_Work instruction_
Retype the listing below line for line, but only from the line with "Marque Nouveau TRIVIAL" down to the line with "Fantasy characters 02 by gagaman92", inclusive. Pictures stay out.

_Data to use_
****************************************

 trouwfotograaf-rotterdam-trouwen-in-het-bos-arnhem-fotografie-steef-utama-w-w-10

****************************************

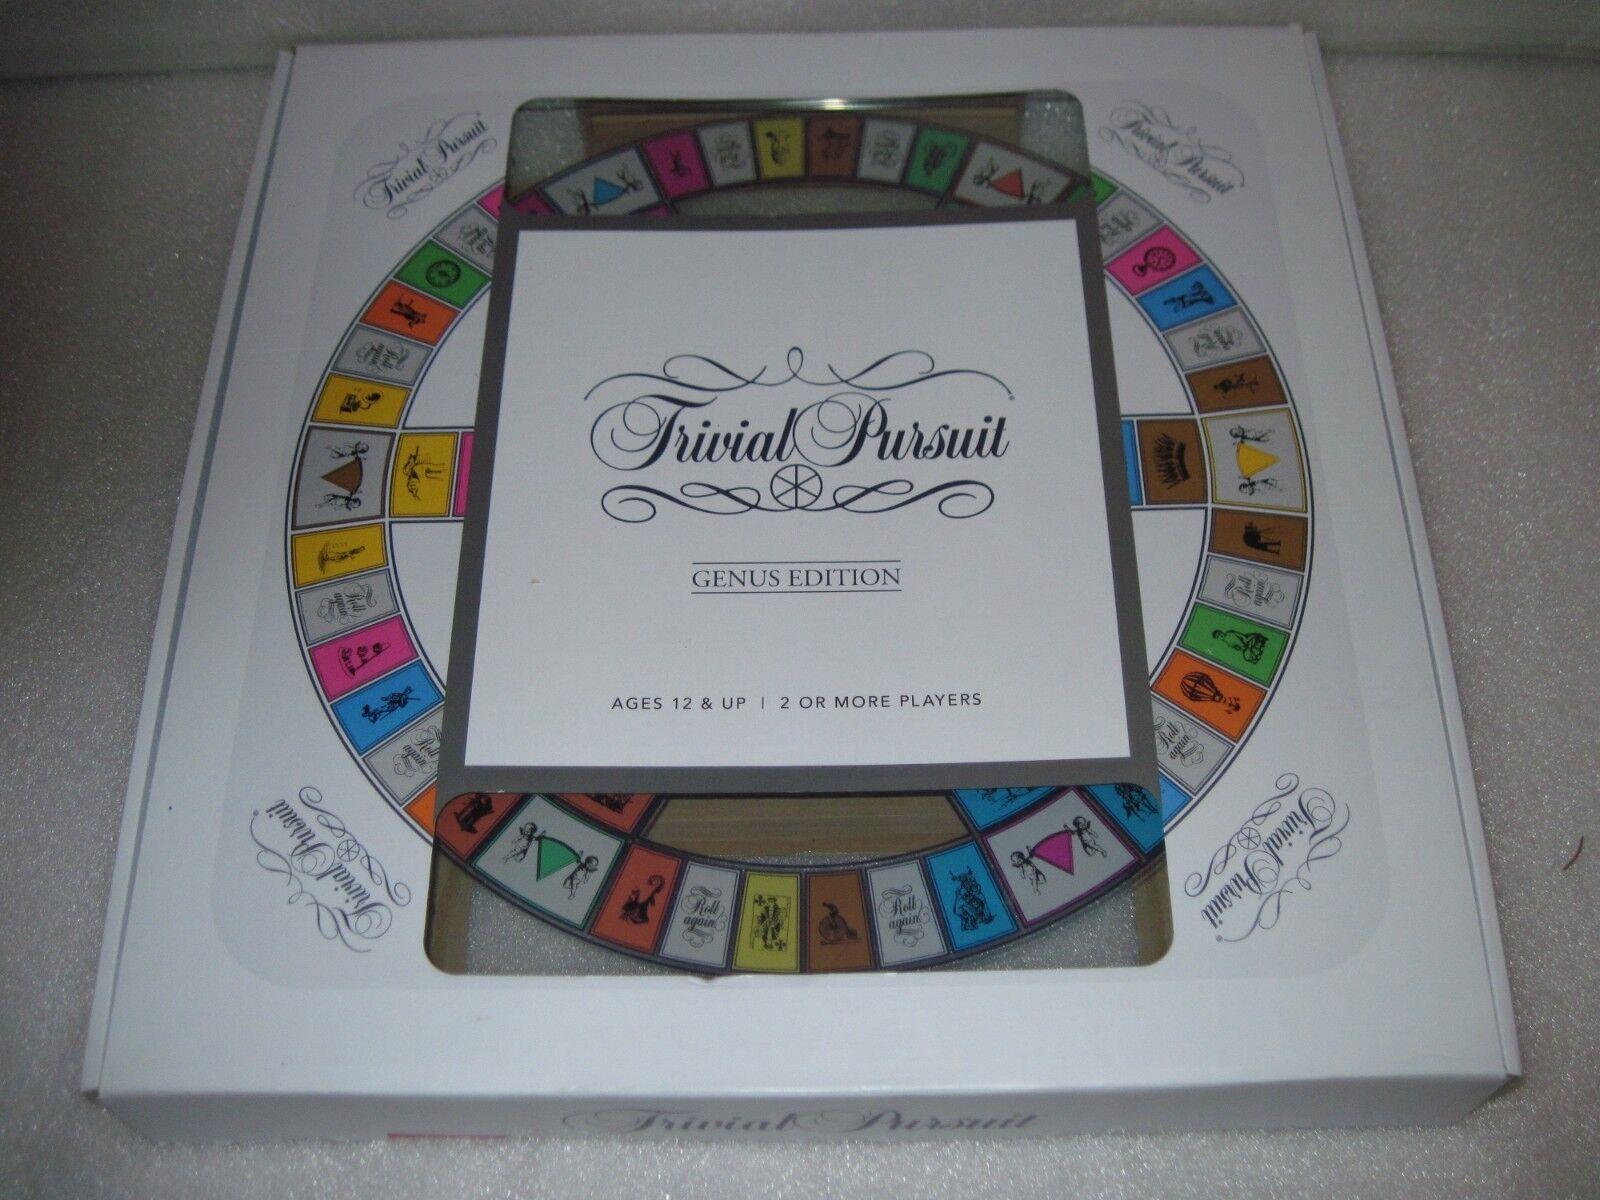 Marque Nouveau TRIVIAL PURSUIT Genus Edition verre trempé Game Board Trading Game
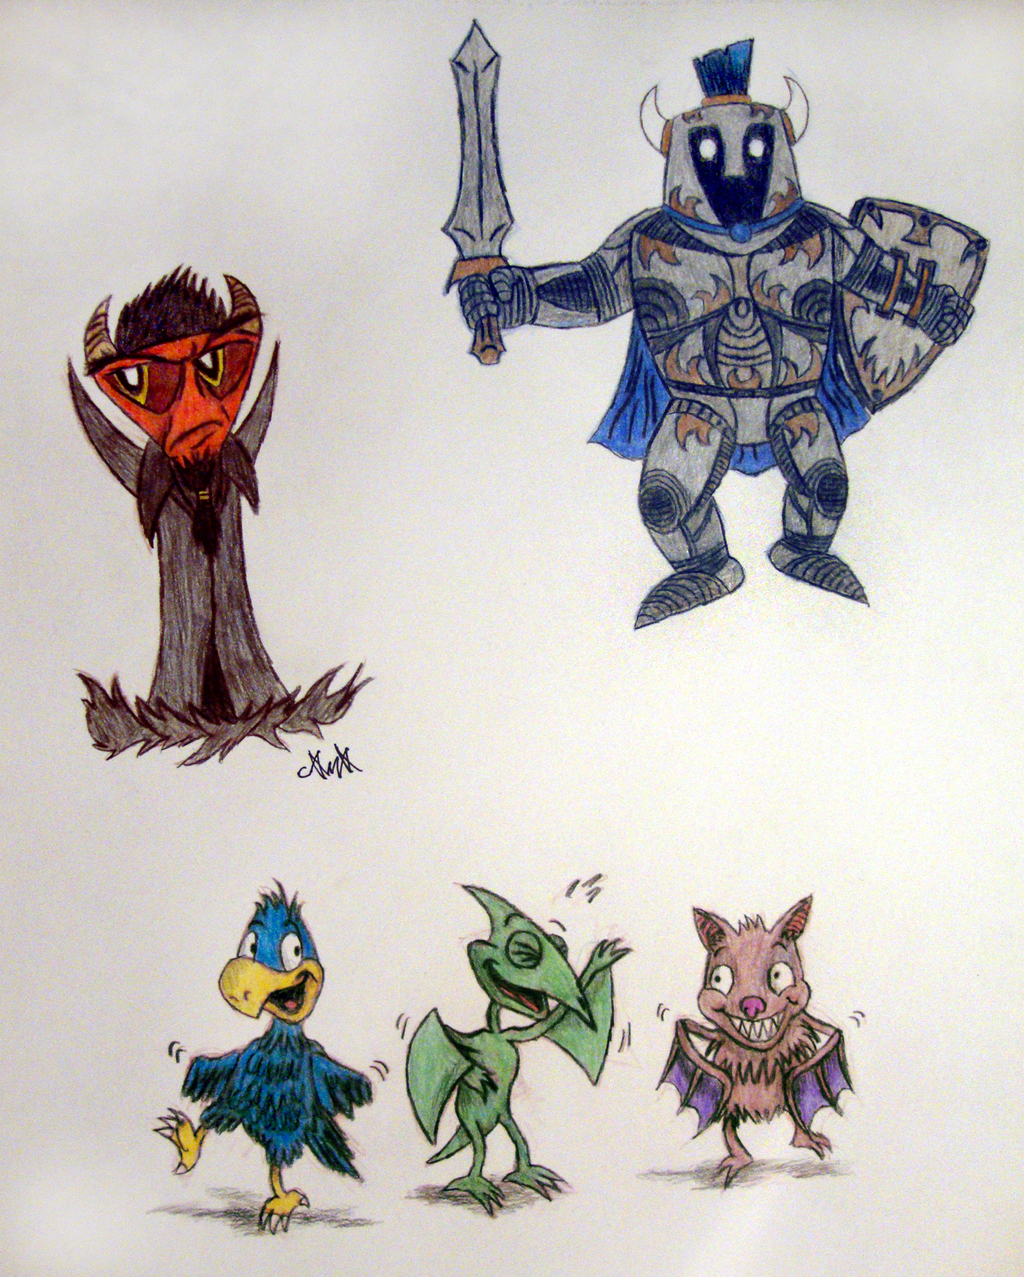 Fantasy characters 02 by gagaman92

****************************************

_Response to this task_
 Marque Nouveau TRIVIAL PURSUIT Genus Edition verre trempé Game Board Trading Game
 Fantasy characters 02 by gagaman92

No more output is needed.